-Xptxas -dlcm=cg disables caching in the L1
-Xptxas -dlcm=ca enables caching in the L1
caching at all levels (what ca hint means) is the default behavior, at least for cc 8.0. It also means that for a PTX instruction like ld, which could have a caching modifer, if the cache hint is omitted, then it is as if the instruction were written as ld...ca1 2
It might be instructive to start with an arch that doesn’t have the “new” mnemonics. If I compile your code for sm_52 (default) and use cuobjdump -sass, I get:
/*0028*/ LDG.E R2, [R2] ; /* 0xeed4200000070202 */ // default
/*0028*/ LDG.E R2, [R2] ; /* 0xeed4200000070202 */ // -dlcm=ca
/*0028*/ LDG.E.CG R2, [R2] ; /* 0xeed4600000070202 */ // -dlcm=cg
So this lines up with expectation. The default and the -dlcm=ca case are the same (L1 caching is enabled by default, and is disabled in the cg case via an alternate opcode that has .CG in disassembly)
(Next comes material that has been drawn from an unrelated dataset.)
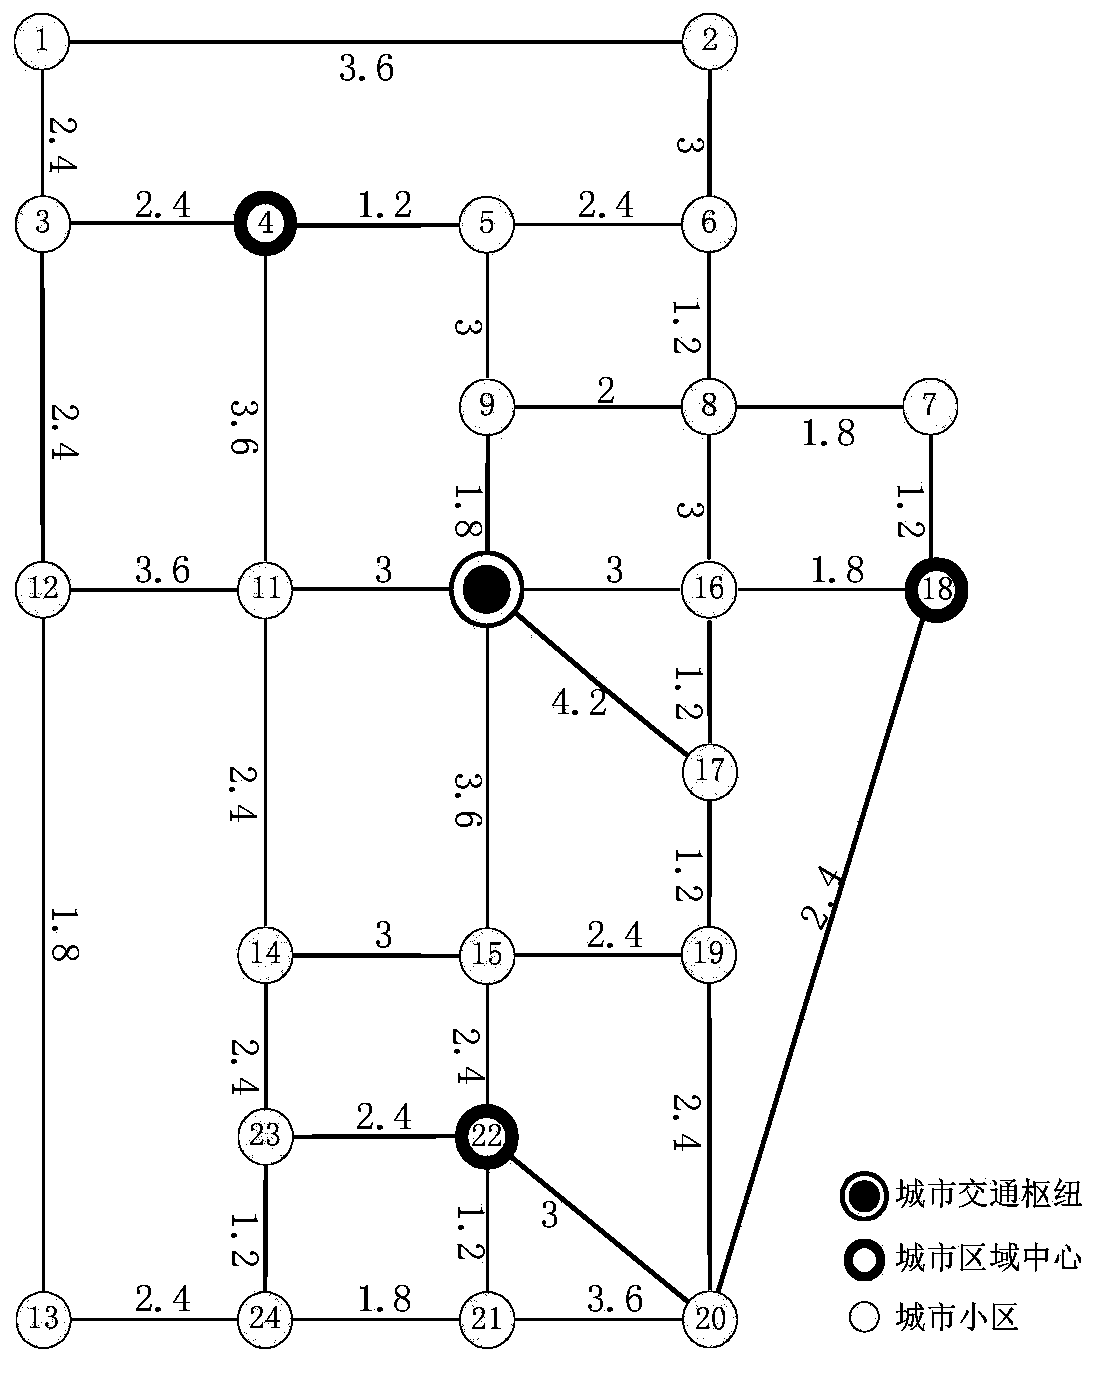 Method for generating urban bus route network based on segmented splicing

Based on that I would conclude in the sm_80 case:
/*0040*/ LDG.E R2, [R2.64] ; /* 0x0000000402027981 */
/* 0x000ea2000c1e1900 */ // default
/*0040*/ LDG.E.STRONG.SM R2, [R2.64] ; /* 0x0000000402027981 */
/* 0x000ea2000c1eb900 */ // -dlcm=ca
/*0040*/ LDG.E.STRONG.GPU R2, [R2.64] ; /* 0x0000000402027981 */
/* 0x000ea2000c1ef900 */ // -dlcm=cg
that from an L1 caching perspective, LDG.E and LDG.E.STRONG.SM are equivalent. Both indicate L1 caching enabled for global loads.
That’s because the -Xptxas -dlcm=... switch applies to code generation after the creation of PTX. It is an override that affects the ptxas tool behavior, which converts PTX to SASS. Regarding the creation/generation of PTX, that is done before that switch is applied. You can certainly write your own PTX that uses the .ca or .cg hints, and you should expect to see that result in the generated SASS code. If you want to see the ptx generated by CUDA C++ compiler (i.e. nvcc) modified, then use the offered options for that.
If your question is or becomes “what do strong and weak mean?” then I would refer you to the relevant section in the PTX guide. It’s rather involved material, and I wouldn’t assume that a statement like
adequately captures the meaning. I’m not suggesting I intend to try to demonstrate comprehension or explain it all, either.
If your question is or becomes “what is the exact difference between these two opcodes, then”:
/*0040*/ LDG.E R2, [R2.64] ; /* 0x0000000402027981 */
/* 0x000ea2000c1e1900 */ // default
/*0040*/ LDG.E.STRONG.SM R2, [R2.64] ; /* 0x0000000402027981 */
/* 0x000ea2000c1eb900 */ // -dlcm=ca
I wouldn’t be able to answer that. SASS is not documented to that level.